Ich glaube ohne Revolution wäre es nie zu irgendeiner politischen Veränderung gekommen. Insofern haben linke revolutionäre Ideen und ihre Vertreter nicht nur eine Existenzberechtigung, sondern sind m.M.n. unabdingbar für eine funktionierende Demokratie! Ob in Europa oder den USA wohl irgendwelche demokratischen Entwicklungen stattgefunden hätten, wenn das französische Volk nicht die „gottgegebenen“ Strukturen revolutioniert und die Trikolore als Freiheitssymbol gedient hätte? Wäre aber mal ein interessantes Thema: Evolution ohne Revolution. Aber nicht hier, denn das Thema ist ja Antisemitismus...
PolyluxZuschauer meinte am 01.02.2008 13:03
@Heimer:
Du hast zwar recht, daß es hier zunächst einmal darum geht, die Angst der jüdischen Schüler vor muslimischen oder rassistischen oder antisemitischen oder terroristischen Übergriffen geht.

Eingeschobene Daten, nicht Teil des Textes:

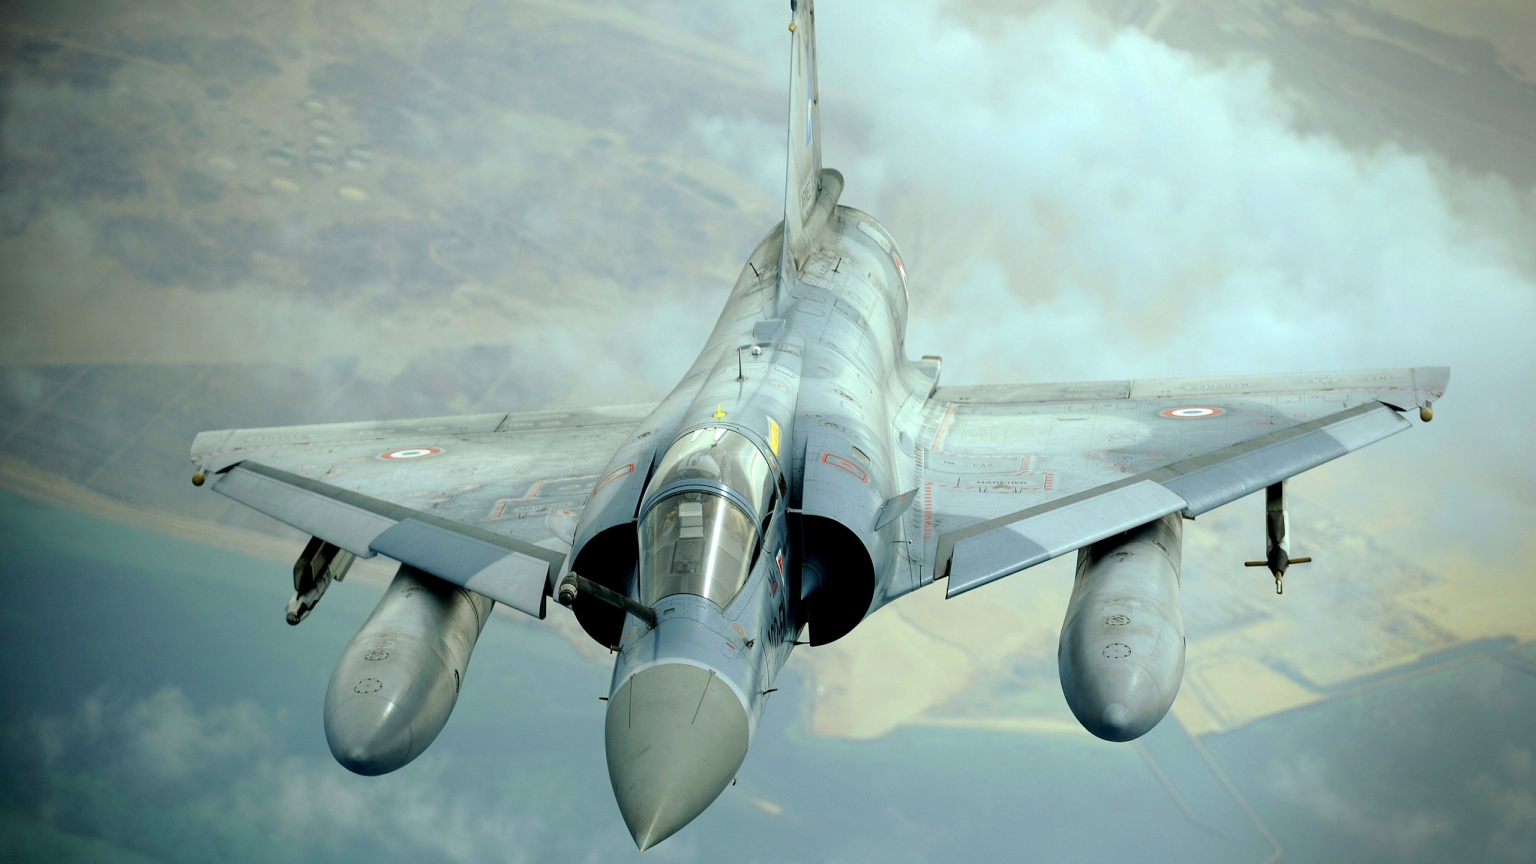 Dassault Mirage 2000 for 1536 x 864 HDTV resolution

Meiner Meinung nach sind diese jüdischen Schüler aber "nur" die Opfer-Vorhut, denn ich glaube, daß auch immer mehr Deutsche Opfer von Gewalt werden, die von jungen Migranten an ihnen ausgeübt wird.

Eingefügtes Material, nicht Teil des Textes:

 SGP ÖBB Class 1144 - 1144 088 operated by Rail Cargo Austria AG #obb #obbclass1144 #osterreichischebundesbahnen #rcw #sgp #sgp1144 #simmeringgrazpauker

Roland Koch hat auf diese Problematik hingewiesen. Obwohl er dabei sehr vorsichtig vorging und es sicher nicht so hart formulierte, wie ich es hier manchmal tue, so hat er sich dabei doch den Vorwurf des Rassismus zugezogen.
Dabei hat er doch nur den Finger in die Wunde gelegt, auf ein gesellschaftliches Problem hingewiesen und sich dabei ausschließlich auf Fakten gestützt, die in jeder entsprechenden Statistik nachzulesen sind.
Heimer meinte am 01.02.2008 14:01
Und genau da scheiden sich unsere Geister. Du glaubst wie Roland Koch, dass die einzigen Aggressoren in diesem Konflikt Jungendliche mit Migrationshintergrund sind. Das mag bei der hochgeKochten „Scheissdeutschen“-Problematik ja auch der Fall sein. Wenn du hier aber von der Spitze eines Gewalt-Eisberges redest, klingt es plötzlich ziemlich verlogen die Gesamtschuld einer einzelnen Gruppe zuzuschieben. Diese neue Qualität der Gewalt hat keinen ethnischen sondern einen gesellschafts-strukturellen Ursprung. Chancenungleichheit, Armut, Perspektivlosigkeit, die verzerrte Realität der Medien etc sorgen für immer mehr Frust in den sozial schwachen Familien. Dazu gehören in Deutschland unverhältnismäßig viele Migranten, die aber aufgrund der Öffnung der sozialen Schere nicht alleine sind...
Der Antisemitismus geht ja auch nicht ausschließlich von der muslimischen, sondern ebenso von der deutschen Jugend aus. Sollte man also Maßnahmen gegen die antisemitischen Tendenzen auf deutschen Schulhöfen ergreifen, reicht es eben nicht einfach aus jedes ausländische Kind rauszuschmeißen. Oder was hatte Koch vor? Die deutschen Kinder reißen doch mindestens genauso viele Judenwitze, finden Juden doof und geizig und sind angeblich mit der Holocaust-Thematik überfordert etc. BULLSHIT!!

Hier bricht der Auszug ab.